We had deviated so far as to isolate ourselves in ivory towers and sterile laboratories to perform the “study of life.”

I began to search for the truth in places where traces of traditional cultures still remained.

I heard stories of a “good witch” who lived on a magical farm with a giant treehouse. I knew I had to find her.

Carolyn was almost 70 years old, but as soon as our eyes met, I knew.

After a series of walks in the woods, I cancelled the wedding. I abandoned the Peace Corps.

My soul, parched from sterile biology laboratories, thirsted for her wild wise-woman ways. I followed her around. I made muffins in order to have an excuse to visit her. I lapped up her words. Her ideas, her way of thinking, were like salve to very deep, old wounds.

I volunteered to help with educational programs at her nonprofit, The Center for Education, Imagination, and the Natural World at Timberlake Farm. I fell in love with her land and the children who came. The children likewise fell in love with the land, and that was wonderful to witness.

I learned that much of Carolyn’s perspective came from her teacher and friend, Thomas Berry, cultural historian and eco-theologian.

Thomas writes that instead of being a malignant presence on Earth, we must learn to become a benign—or even better, a mutually enhancing part of the Earth Community.

I began to understand, through his ideas, that the empirical perspective I had honed during my undergraduate years was precisely what was allowing us to pretend that humans are separate from “nature.” The notion of “saving the environment” was lovely, but the general assumption was that we would survive independent of the rest of the Earth Community.

I came out the other side of my own intense religious exploration aghast at the great separation that the church had promulgated. Our understanding of heaven as separate and apart leaves Earth as waiting room, supply closet, and trash can. This seemingly harmless assumption, when multiplied by billions of humans with free choice, has left the beautiful and complex systems of Earth in shambles. For the first time in human history, all life is threatened.

Then came Tim. One morning, after a curiously wonderful encounter with her son, Carolyn held me by the shoulders, looked me in the eyes and said “You should marry my son.” We had met at a Thomas Berry Lecture and made a bonfire together afterwards.

At first I laughed, flattered and amused. Then, I walked in the woods with him. I found a man who shared my deep love for Mother Earth, and my despair over her plight. We stopped to stroke soft mossy patches and watch hawks circle overhead.
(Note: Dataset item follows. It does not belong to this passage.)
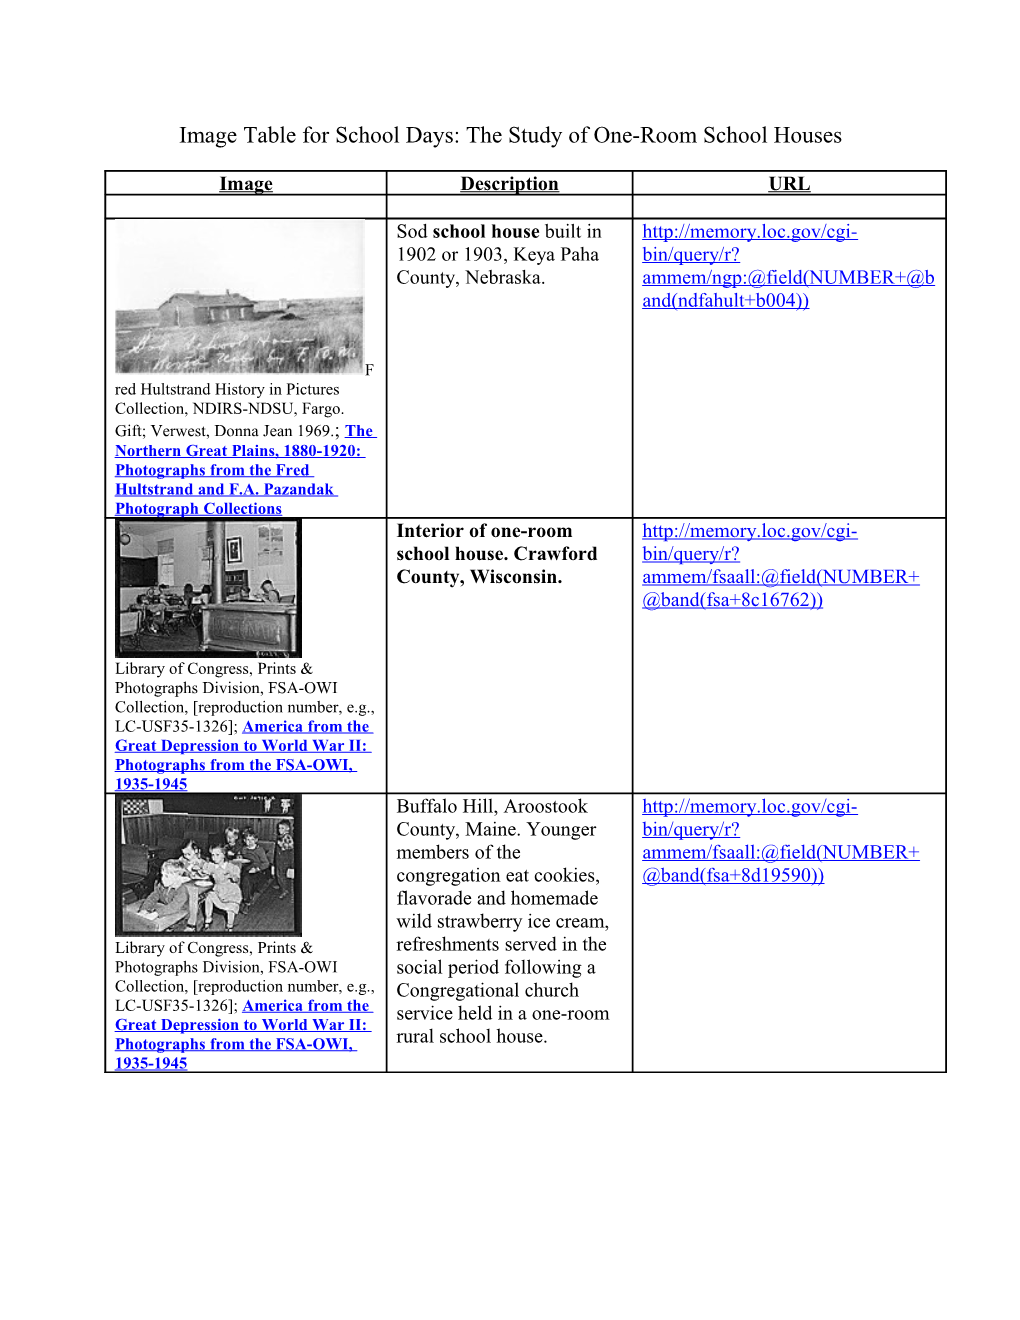 Image Table for School Days: the Study of One-Roomschool Houses

I cried on his shoulder about toxins in the air and waters. Together we rejoiced over the sheer beauty of life, and mourned the losses of species and cultures. In each other we found glimpses of our deepest and most true selves, and together we found our path. It wasn’t well-marked, had lots of rocks and knobby roots, and it didn’t seem like many had walked it before.

Tim and I fell in love while exploring the forests, meadows and streams of his land, called Pickards Mountain. On my 22nd birthday, we built a garden and planted our first seeds. We began to learn the names of the plants and animals who shared the land with us.

People who shared our compassion for the crisis came to potluck dinners on Wednesday nights. A wind turbine and solar array were erected to provide clean energy. Composting toilets saved fresh water. A little space in the barn provided a home for a small co-op of folks who made Biodiesel fuel out of vegetable grease. A beautiful chicken coop held a flock of 20 hens who gave delicious eggs with deep orange yolks. Friends, hungry for simple living, asked if they could camp in our woods. Some stayed for a long time. We made explanations to neighbors and invited them to join us for farm suppers. Over long conversations, we discovered they shared our concerns for the world.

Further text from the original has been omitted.